The Advisors' Blog

This blog features wisdom from respected compensation consultants and lawyers

June 28, 2021

SEC Says Employee Manual’s Whistleblower Restriction Violates Exchange Act

Last week, I blogged on TheCorporateCounsel.net that the SEC has issued a record amount of whistleblower awards this year. Companies need to anticipate the possibility of whistleblowers and encourage employees to raise concerns internally – but that doesn’t mean you can prohibit them from going directly to the SEC! Doing so would violate Rule 21F-17 of the Exchange Act.

Last week, the SEC announced that it had settled an enforcement action with a brokerage firm that tried to do just that, by including this provision in its employee manual and related training:

Employees are also strictly prohibited from initiating contact with any Regulator without prior approval from the Legal or Compliance Department.
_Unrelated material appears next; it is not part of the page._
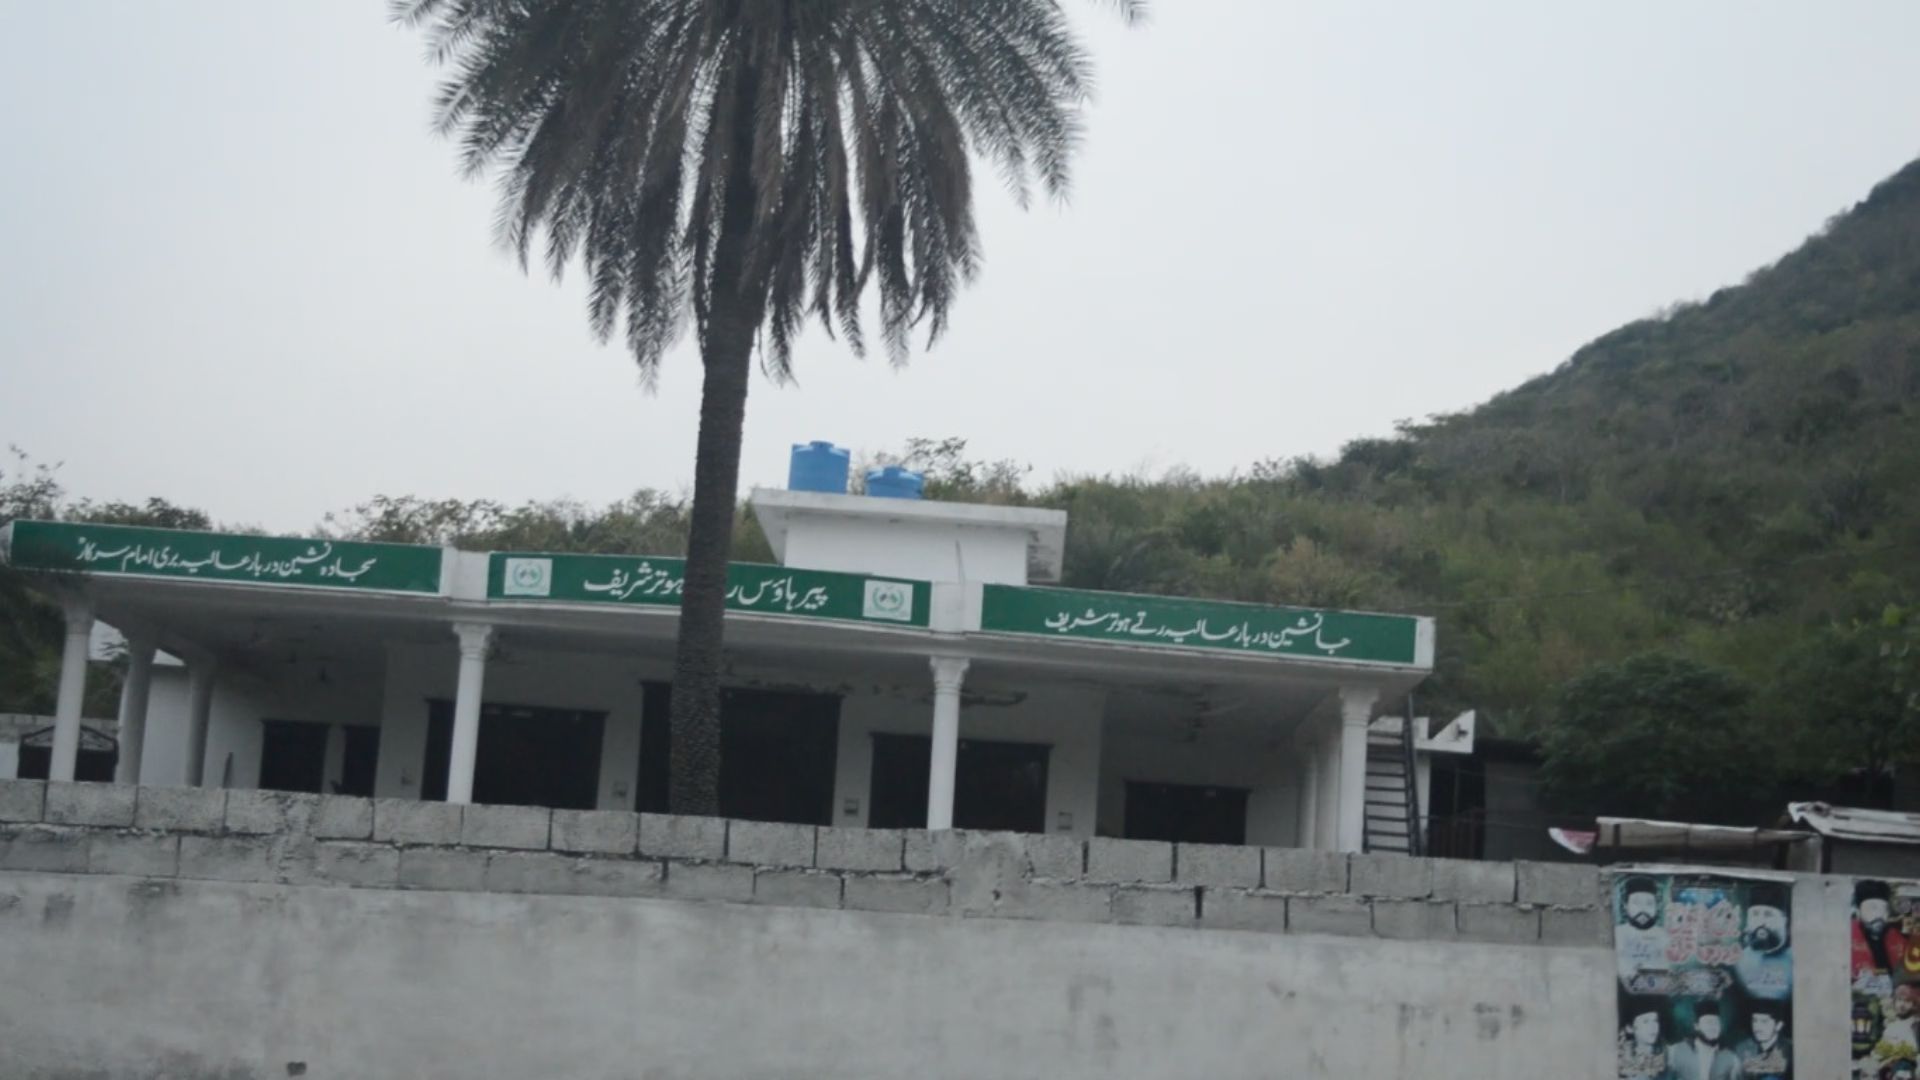 Pir house of Ratta Hotar Shareef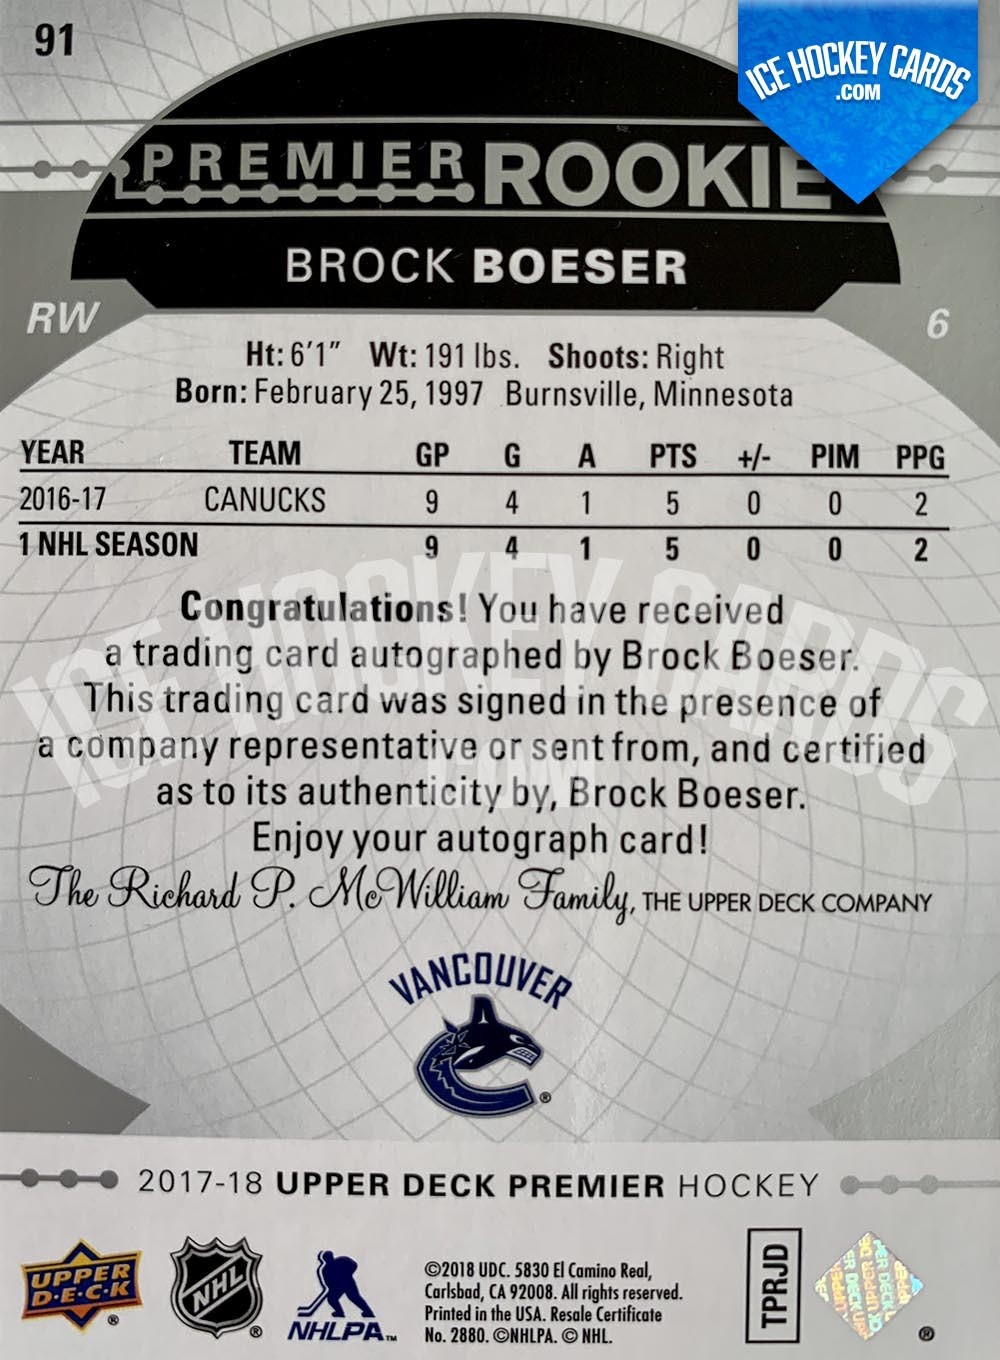 Upper Deck - Premier Hockey 2017-18 - Brock Boeser Premier Rookie Autograph Card back

This prohibition applies to any subject matter that might be discussed with a Regulator, including an individual’s registration status with FINRA. Any employee that violates this policy may be subject to disciplinary action by the Firm.

The manual defined “Regulator” to include the SEC. Meanwhile, the Code of Conduct said:

Nothing in this policy or any other Company policy or agreement is intended to prohibit you (with or without prior notice to the Company) from reporting to or participating in an investigation with a government agency or authority about a possible violation of law, or from making other disclosures protected by applicable whistleblower statutes.

That wasn’t enough to save the company from being tagged in the enforcement action – nor was the finding that no employees were actually prevented from communicating with the SEC about potential violations, or that the company took no action to actually enforce the restriction or prevent communications. Although the company didn’t admit or deny the findings in the SEC order, as part of the settlement they agreed to pay about $210k, revise the manual, alert their employees to the change, and promise not to do it again. See this Stinson blog for more details.

If you haven’t reviewed your employee manual and code of conduct lately, this is a good reminder to do so. If your comp committee is evolving into a “people committee,” they might have a hand in that.